The Question: How does the Company Brain stay current when work happens across Slack, Jira, GitHub, CRM, and 50 other systems?


The Problem: Batch vs. Real-Time

The existing ingest_external_batch API supports batch ingestion — an actor explicitly triggers a data import. This works for periodic synchronization but fails for operational state: by the time you batch-import, the state is already stale.

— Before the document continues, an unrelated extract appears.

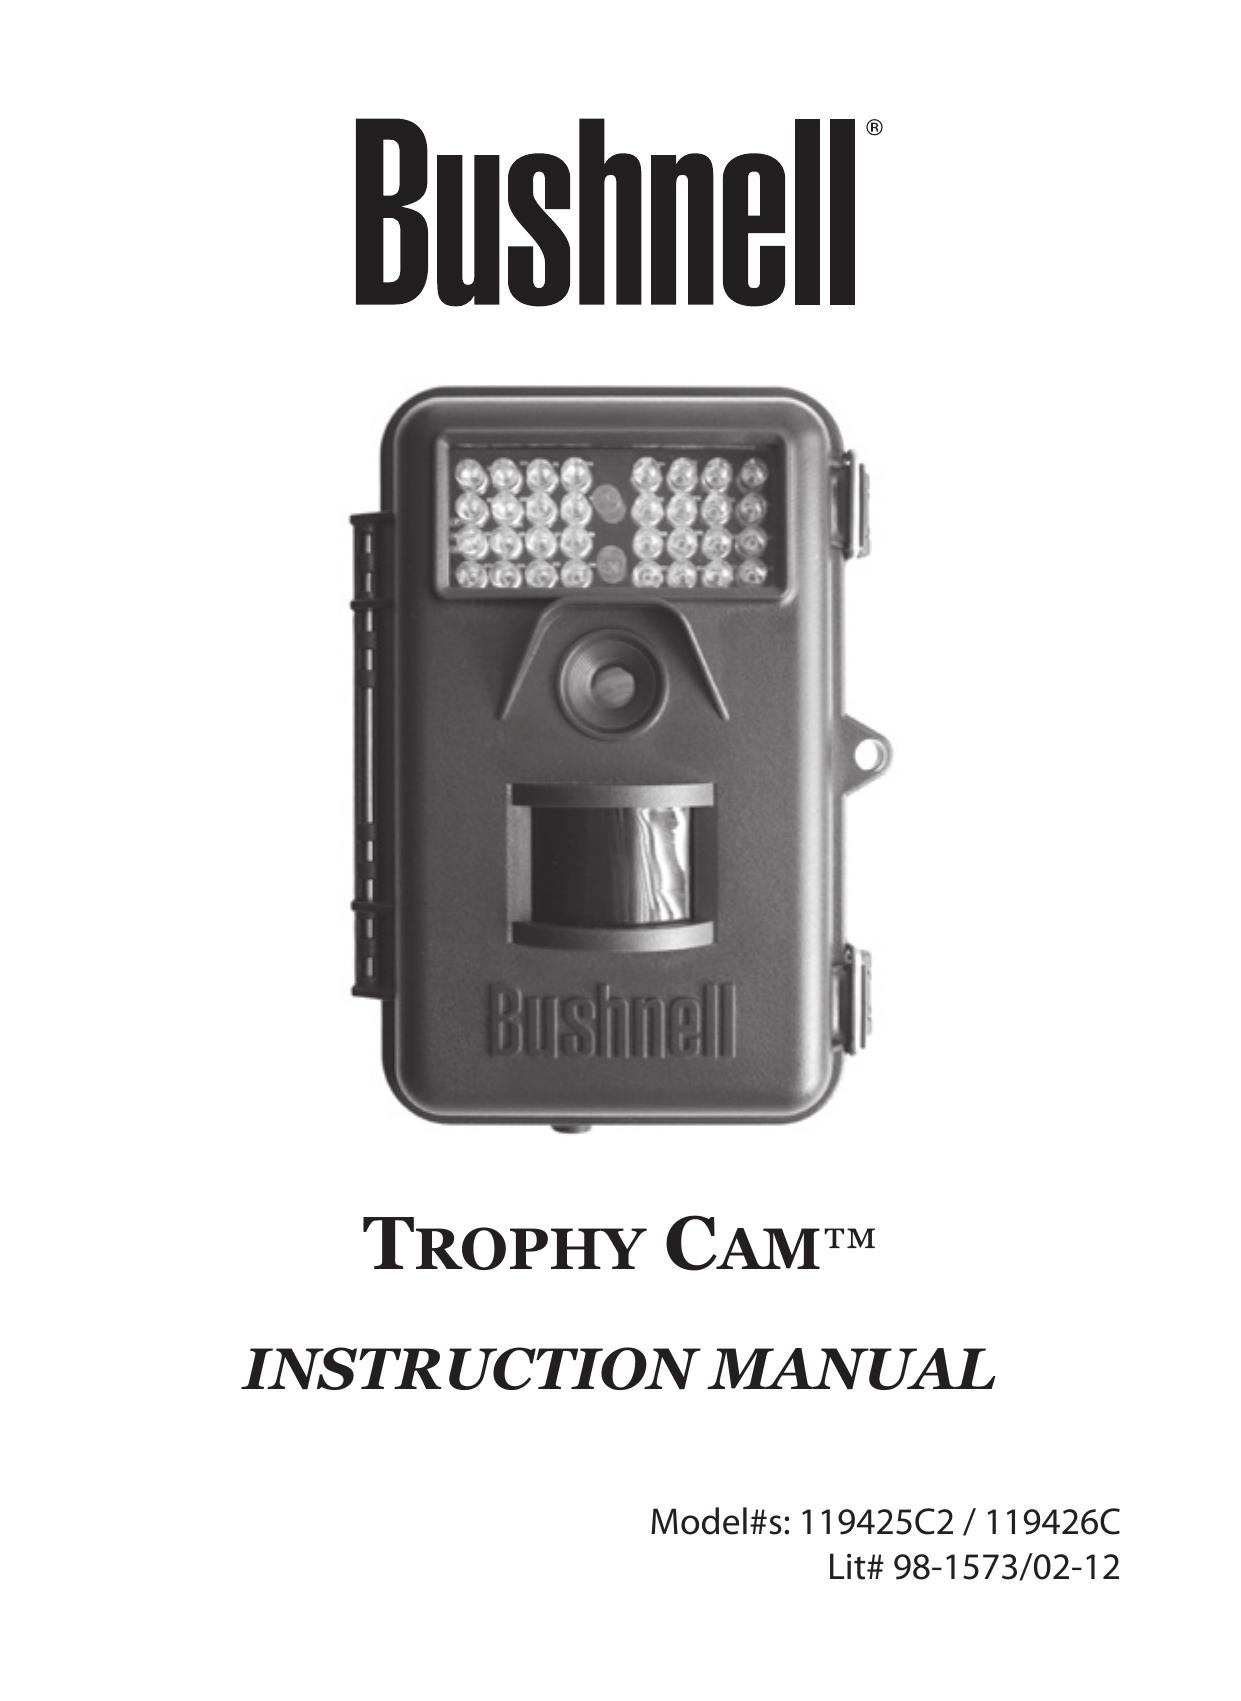 Bushnell 119425C2 Camcorder User Manual

Real-time event streaming means the Company Brain updates as work happens — a Slack message posts, a Jira ticket moves, a PR merges, a customer call ends, and the graph reflects it immediately.


Event Sources

The EventStreamIngester supports multiple source types:

Source Type Description Example
WEBHOOK External system pushes events via HTTP Slack events API, Jira webhooks, GitHub webhooks
KAFKA Apache Kafka topic consumer Enterprise event bus
NATS NATS JetStream consumer Microservice events
REDIS_STREAM Redis Streams consumer Real-time notifications
POLLING Active polling of an external API REST APIs without webhook support
CDC Change Data Capture from a database PostgreSQL logical replication
MCP Model Context Protocol server events Agent ecosystem events
A2A Agent-to-Agent protocol messages Inter-agent communication

Registering Event Streams

from agent_utilities.knowledge_graph.core.company_brain import CompanyBrain
from agent_utilities.models.company_brain import (
    ActorType, EventSourceType, EventStreamConfig, WebhookEvent
)

brain = CompanyBrain()

# Register a Slack webhook stream
brain.events.register_stream(EventStreamConfig(
    name="Slack Engineering",
    source_type=EventSourceType.WEBHOOK,
    endpoint="https://hooks.slack.com/events/T0001/...",
    tenant_id="engineering",
    actor_id="service:slack-integration",
    actor_type=ActorType.AUTOMATED_SERVICE,
    batch_size=10,
))

# Register a GitHub webhook stream
brain.events.register_stream(EventStreamConfig(
    name="GitHub PRs",
    source_type=EventSourceType.WEBHOOK,
    endpoint="https://api.github.com/webhooks/...",
    tenant_id="engineering",
    actor_id="service:github-integration",
    actor_type=ActorType.AUTOMATED_SERVICE,
))

Submitting Events

Events are submitted to the queue and processed in batches:

# A human posts a message in Slack
brain.events.submit_event(WebhookEvent(
    source_type="slack",
    event_type="message.posted",
    payload={
        "channel": "#engineering",
        "user": "jane",
        "text": "Deploying API gateway v2.3 to production",
    },
    actor_id="analyst:jane",
    actor_type=ActorType.HUMAN,
    tenant_id="engineering",
))

# An AI agent creates a Jira ticket
brain.events.submit_event(WebhookEvent(
    source_type="jira",
    event_type="issue.created",
    payload={
        "project": "ENG",
        "summary": "API gateway health check timeout",
        "priority": "high",
    },
    actor_id="agent:monitoring",
    actor_type=ActorType.AI_AGENT,
    tenant_id="engineering",
))

# Process all queued events
result = brain.events.process_batch()
print(f"Ingested {result.events_ingested}/{result.events_received} events")
print(f"Created {result.nodes_created} nodes in {result.duration_ms:.1f}ms")

Ingestion Results

Every batch produces an IngestionResult with metrics:

Field Description
events_received Total events in the batch
events_ingested Successfully ingested
events_failed Failed (with retry)
nodes_created New graph nodes
edges_created New graph edges
conflicts_detected Conflicts found during ingestion
duration_ms Processing time

Continuous OWL Reasoning

When significant state changes arrive via event streams, the Company Brain can trigger OWLBridge.run_cycle() to discover new inferred facts. This transforms passive data ingestion into active knowledge discovery: a customer call triggers a Slack event, which updates the graph, which triggers OWL reasoning, which discovers that the customer is now in a new risk category.